**Exercise aim**
Emit a verbatim copy of the lines below from the line with "Buy H&M Woman" through the line with "This Chart Shows", excluding pictures and everything outside that range.

** Data supplied follows **

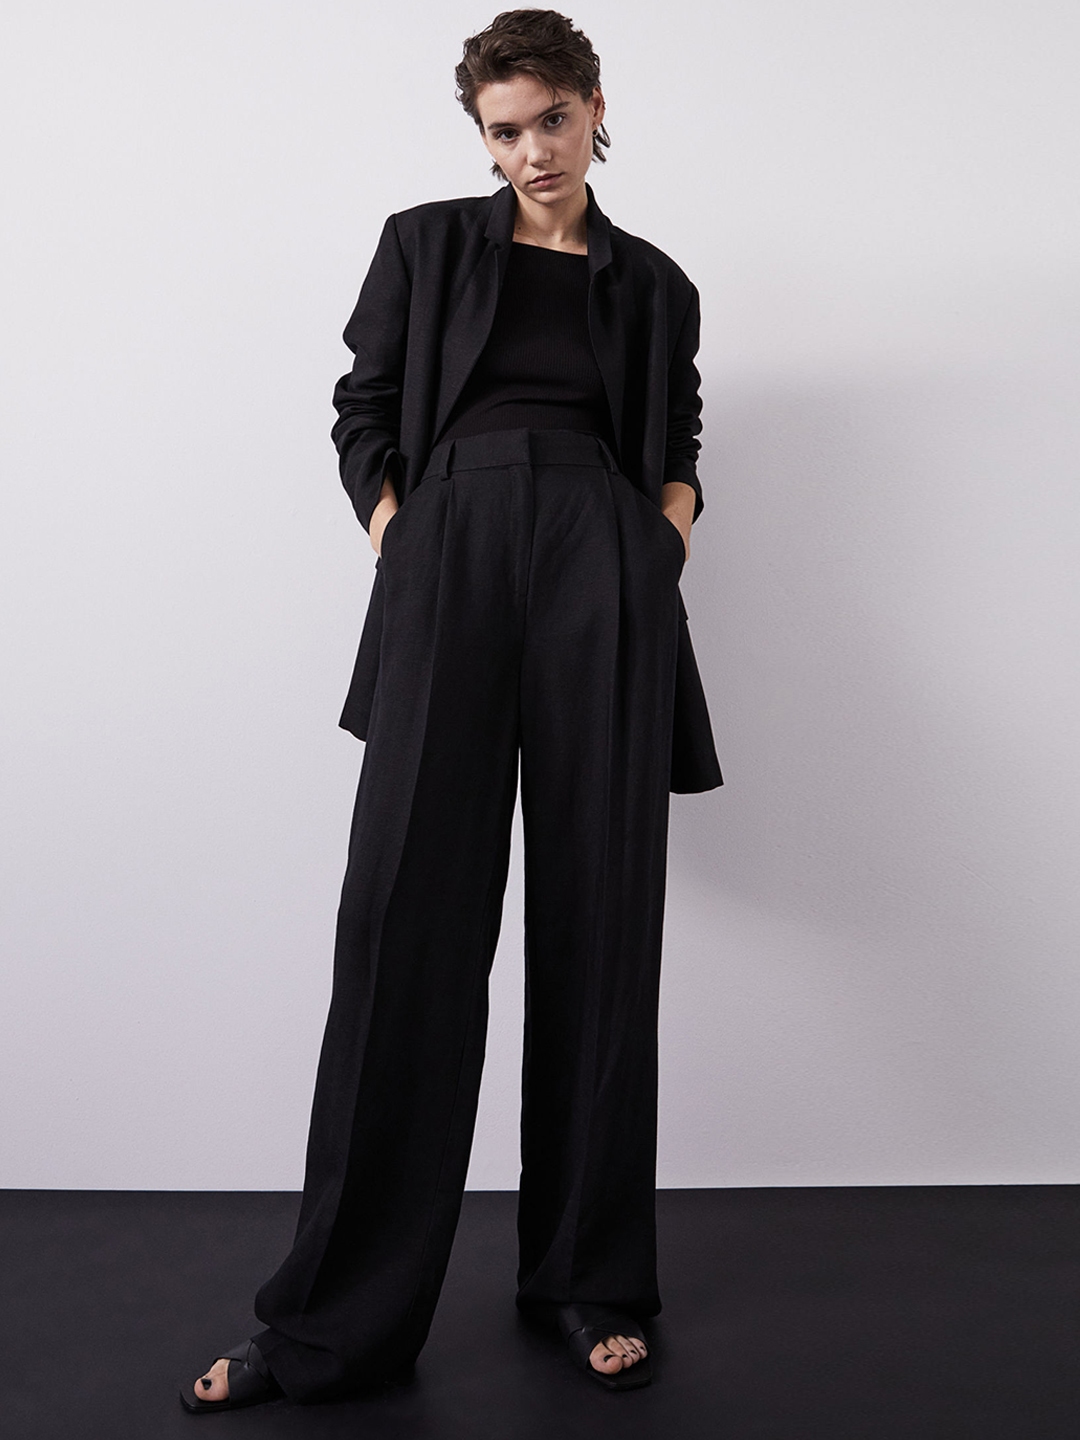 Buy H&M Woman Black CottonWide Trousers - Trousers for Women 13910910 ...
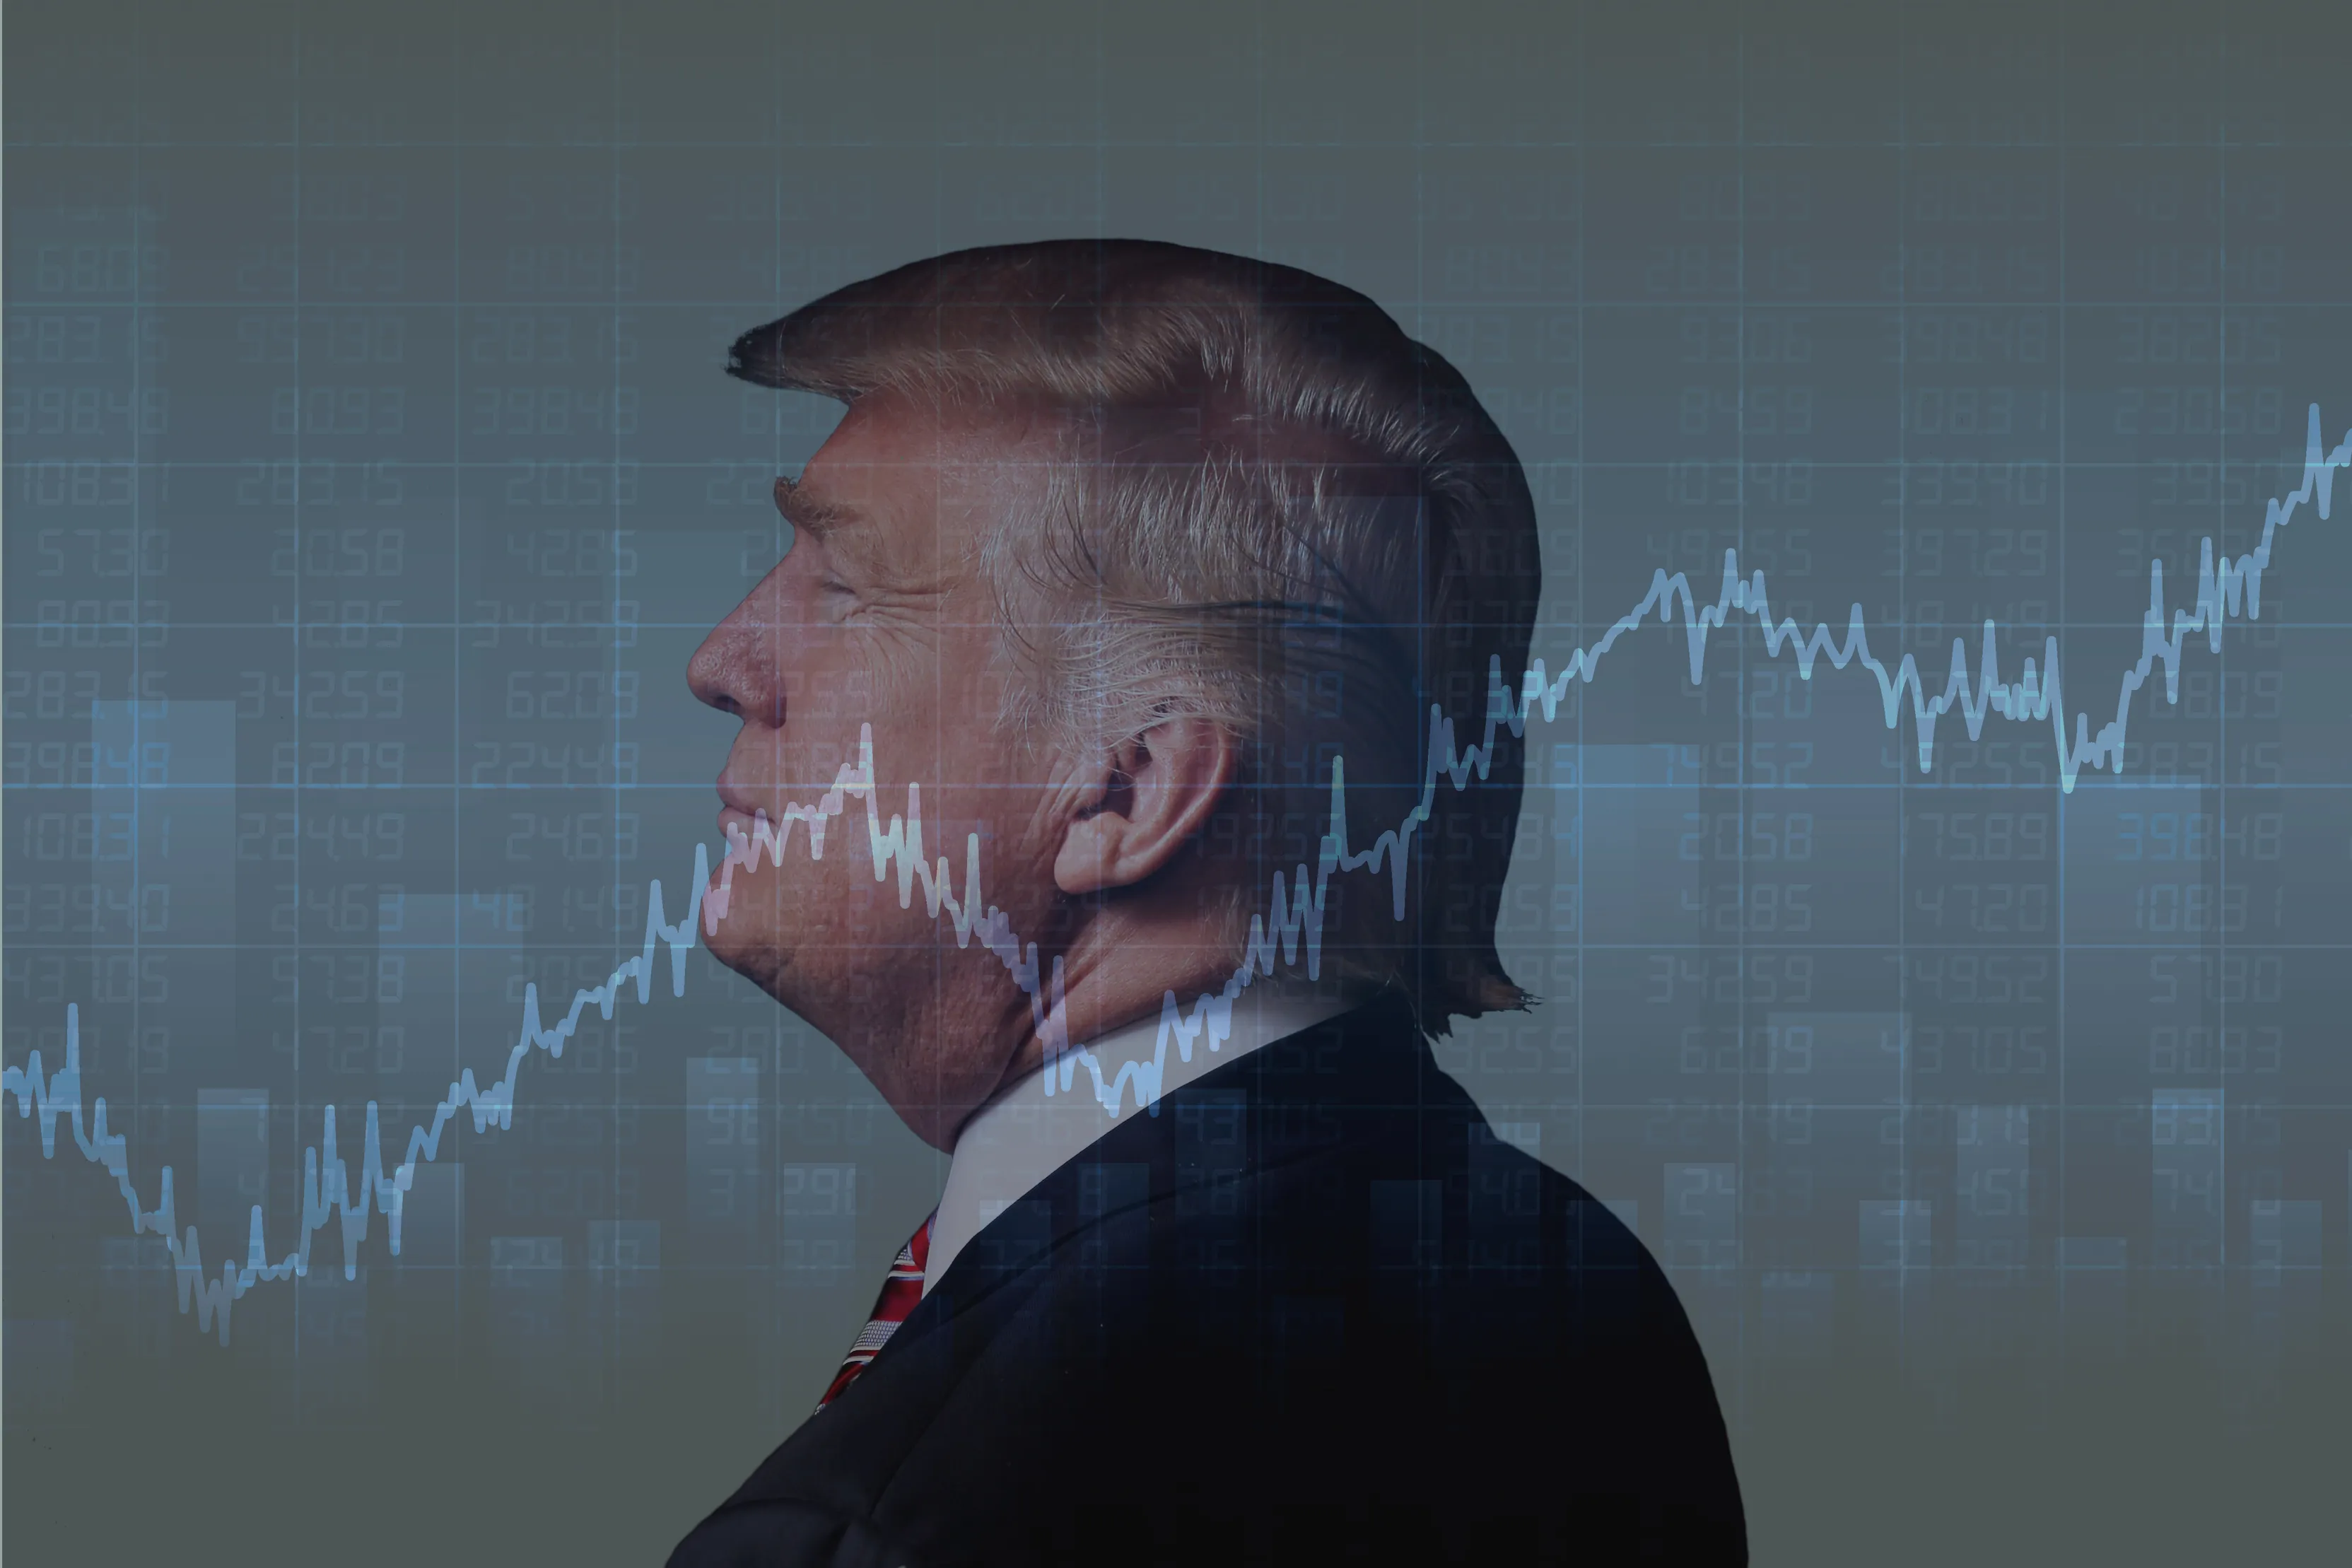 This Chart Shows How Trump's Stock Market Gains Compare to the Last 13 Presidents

** End of Data supplied **
** Data supplied follows **

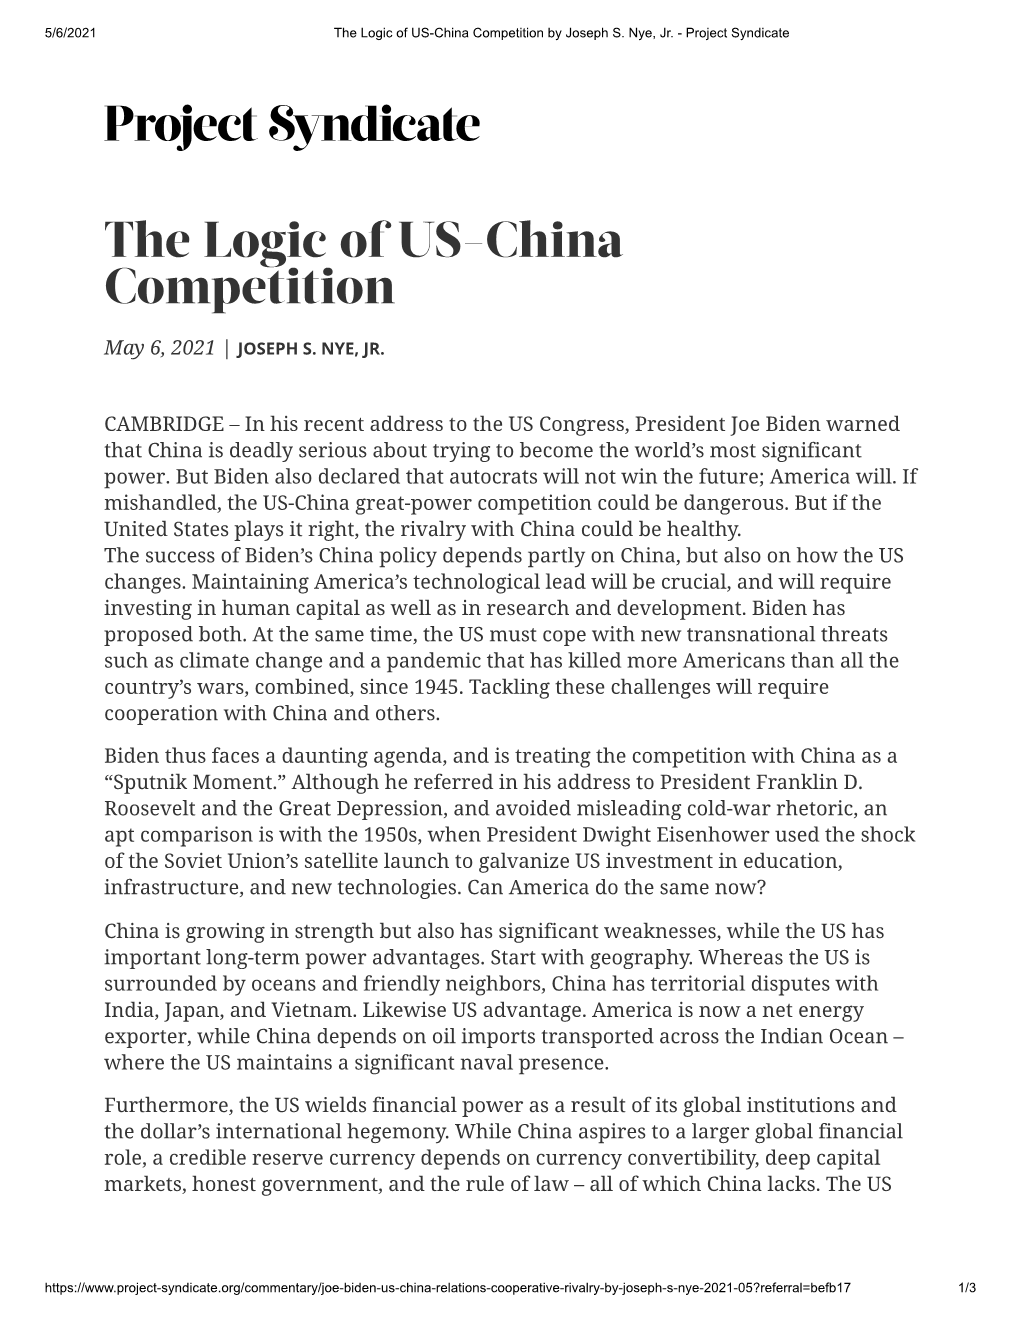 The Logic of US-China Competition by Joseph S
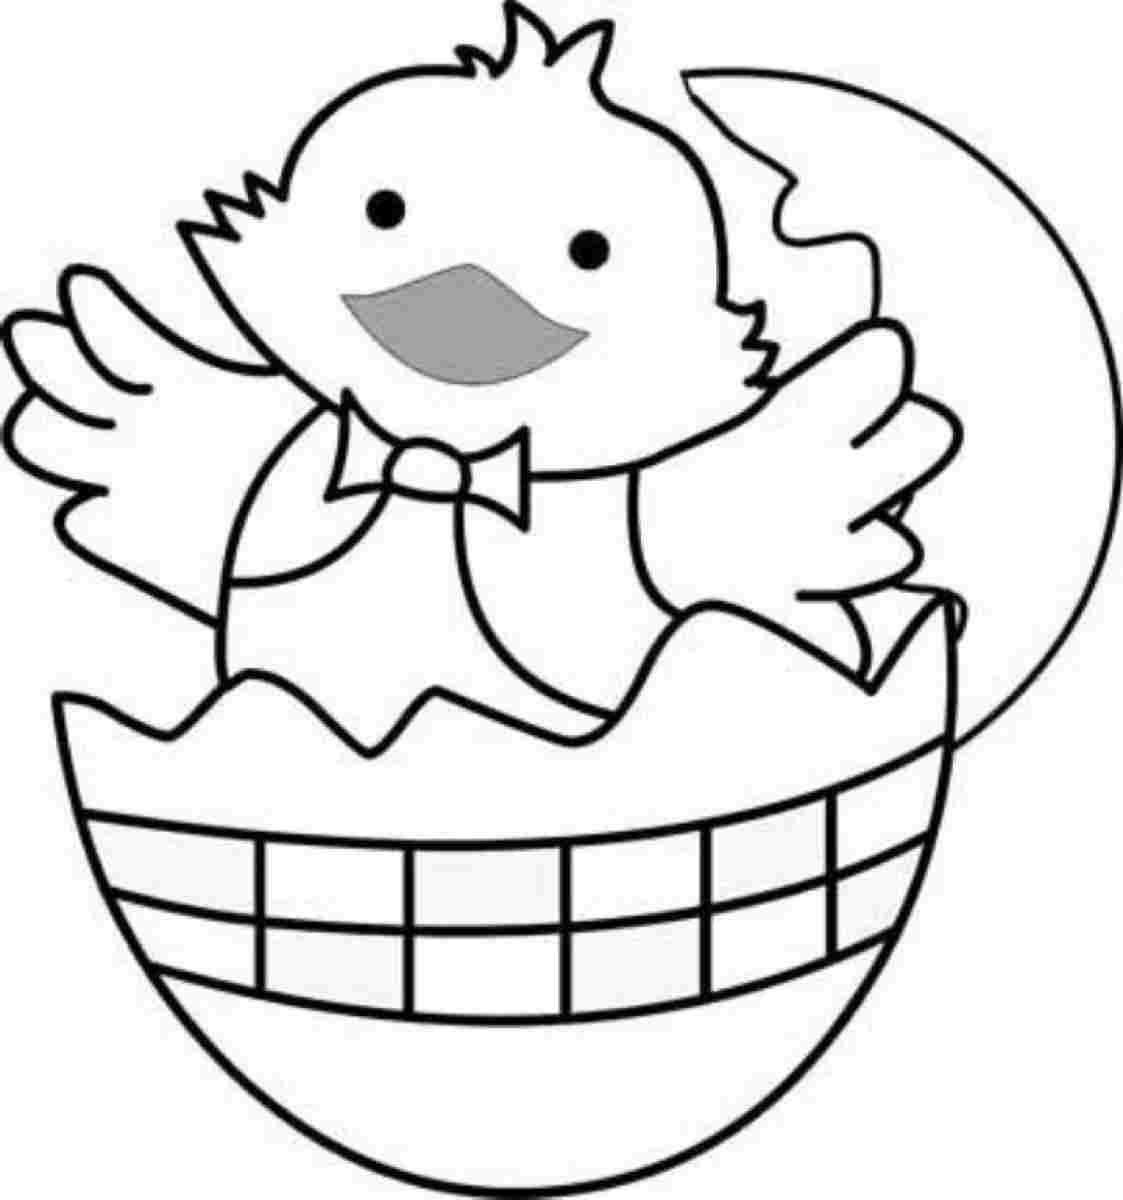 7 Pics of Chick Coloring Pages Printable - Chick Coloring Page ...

** End of Data supplied **

**Answer space**
 Buy H&M Woman Black CottonWide Trousers - Trousers for Women 13910910 ...
 This Chart Shows How Trump's Stock Market Gains Compare to the Last 13 Presidents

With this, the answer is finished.